At this time, in February 1818, Keats attempts to put the final touches on Endymion before
publication. Keats expresses he is extremely indebted
to Taylor for his editorial attentions on Endymion. Taylor, fourteen years Keats’s
senior, is confident of the inevitability of Keats’s poetic success, while he also
recognizes
Keats’s relative inexperience. For his part, Keats, as he copies out Book IV, is keen
to put
his poem behind him—it has, he writes, moved him into the Go-cart,
suggesting the poem
has taken him from crawling to toddling (a go-cart is a baby walker that assists a
child in
learning to walk). Despite this view of his own immature state, Keats feels his understanding
of Shakespeare is in fact mature. Keats
still has to write a preface for Endymion, but again, when he
does, it will reveal how Keats, over-apologetically, sees that the poem’s accomplishment
is
seriously compromised by his undeveloped poetic sensibilities. Keats is very keen
to publish
the poem so that he can, in his own words, forget it and proceed.
This is a good
self-assessment, and one needed if he is to genuinely progress.
Perhaps thinking of what Endymion does not achieve, to Taylor, Keats outlines three Axioms of Poetry: that it should surprise by fine excess and Singularity
; that its Beauty should be natural,
complete, calm, and yet leave the reader in the luxury of twilight
; and that if poetry does not come
naturally, it had better not come at all.
The phrase fine excess
as poetic goal and principle is particularly striking—and helpful; it captures the
idea of embracing and balancing the opposite qualities of impulse and control. And
this, in fact, may be key in understanding the nature of Keats’s achievement in his
greatest poetry, where intensity is measured by disinterestedness, and the vagaries
of truth are necessarily trumped by invariable beauty.
A few days earlier, 22 February, Taylor gets a letter from Benjamin Bailey, Keats’s friend at Oxford with whom he stays in September 1817. Views about Endymion are exchanged, and Bailey’s clear Platonic leanings about the eternal mind are expressed, which brings up the issue of Keats’s own Platonic leanings—or not.

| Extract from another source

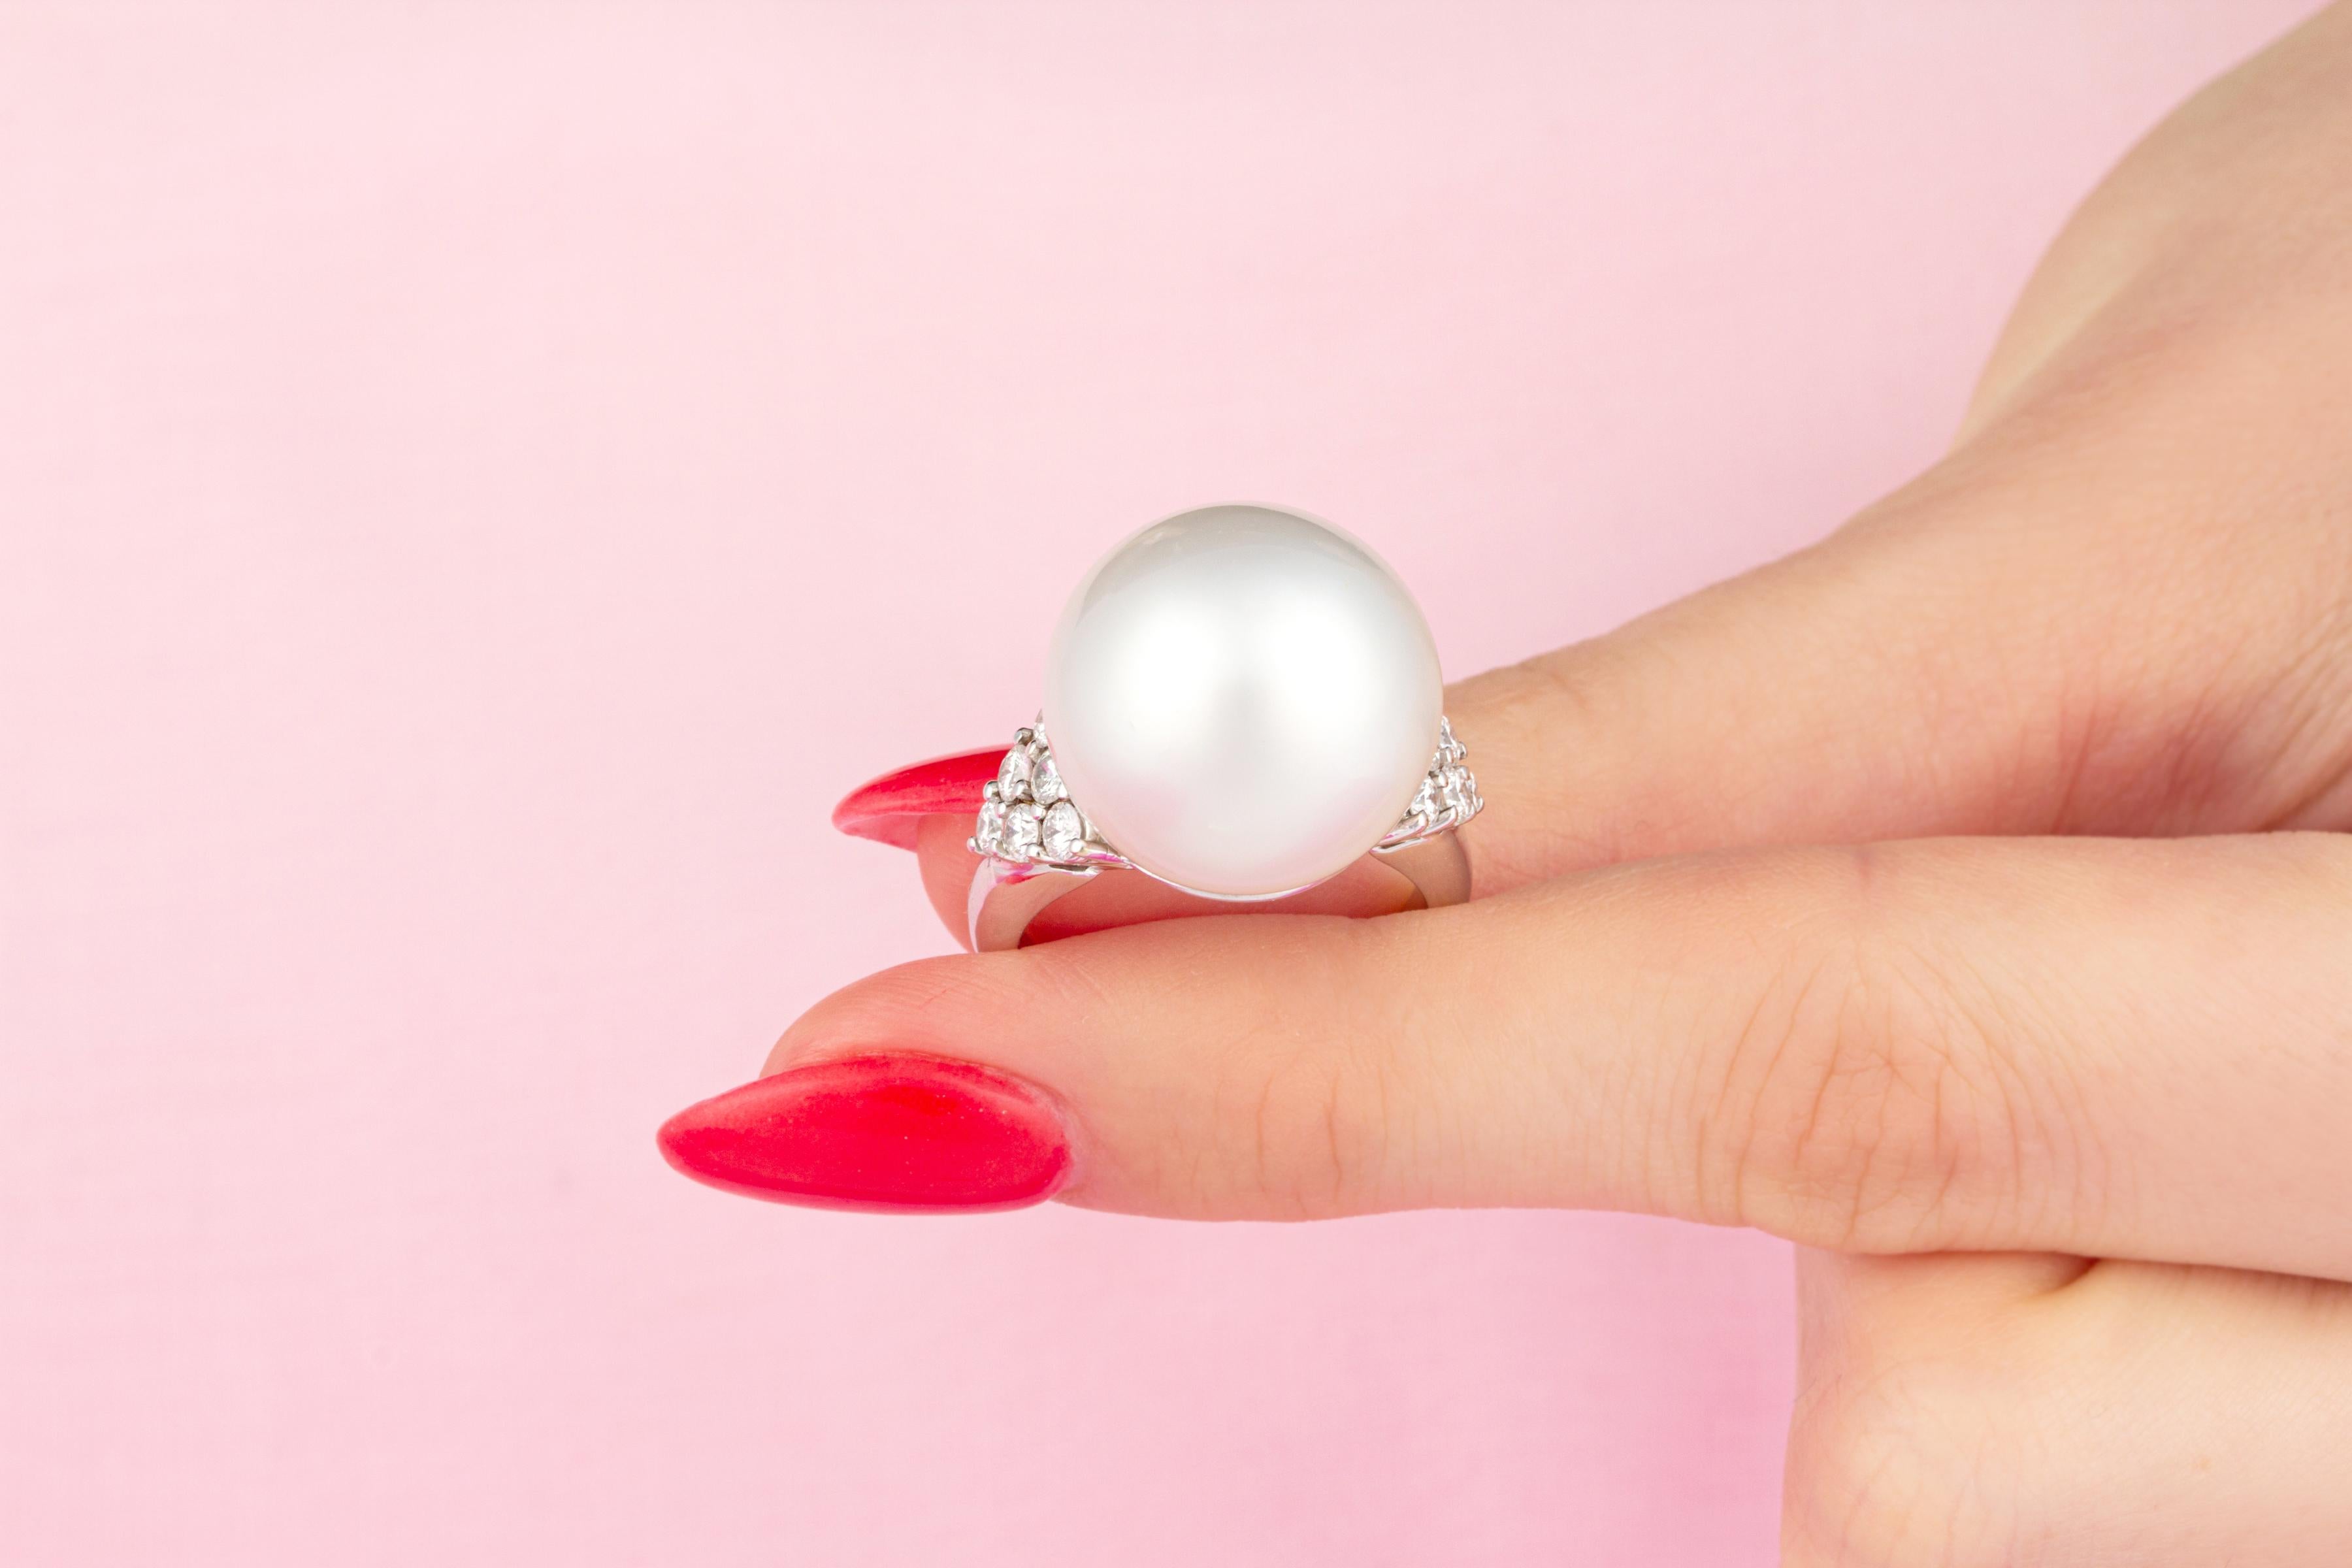 This pearl and diamond ring features a large South Sea pearl of 16mm diameter. The pearl is untreated. It displays a beautiful shape and fine nacre. Its natural color and luster have not been enhanced in any way. The pearl is flanked by a triangular

No doubt Platonic ideas fall into Keats’s poetics and poetry, in part as a result
of his stay
with Bailey. It would, however, be stretching
things to suggest that Keats is a Platonist or Neo-Platonist—certainly not in the
way the
claim can be made for his fellow poet (and implicit competitor) Percy Shelley. No doubt many of Keats’s early idealisms
might render a quasi-Platonic reading; further, no doubt Keats’s ideas about truth
of beauty
(or beauty’s truth) suggests something like the mind’s perception of eternal forms.
But in
Keats’s best work, the material world in-itself is beautiful with or without the mind’s
idealisms; moreover, the eternal form that Keats seeks is, often enough, in the idea
of
enduring, great poetry. Complicating all this, though, is the role of imagination
in rendering
or representing some sense of eternal truth. A little like his senior contemporary
Samuel
Taylor Coleridge, in Keats’s conceptualizing,
a question works behind the scenes of Keats’s poetic creation: Is the Imagination
a faculty to
see Truths, or is the Imagination a kind of Truth in-itself?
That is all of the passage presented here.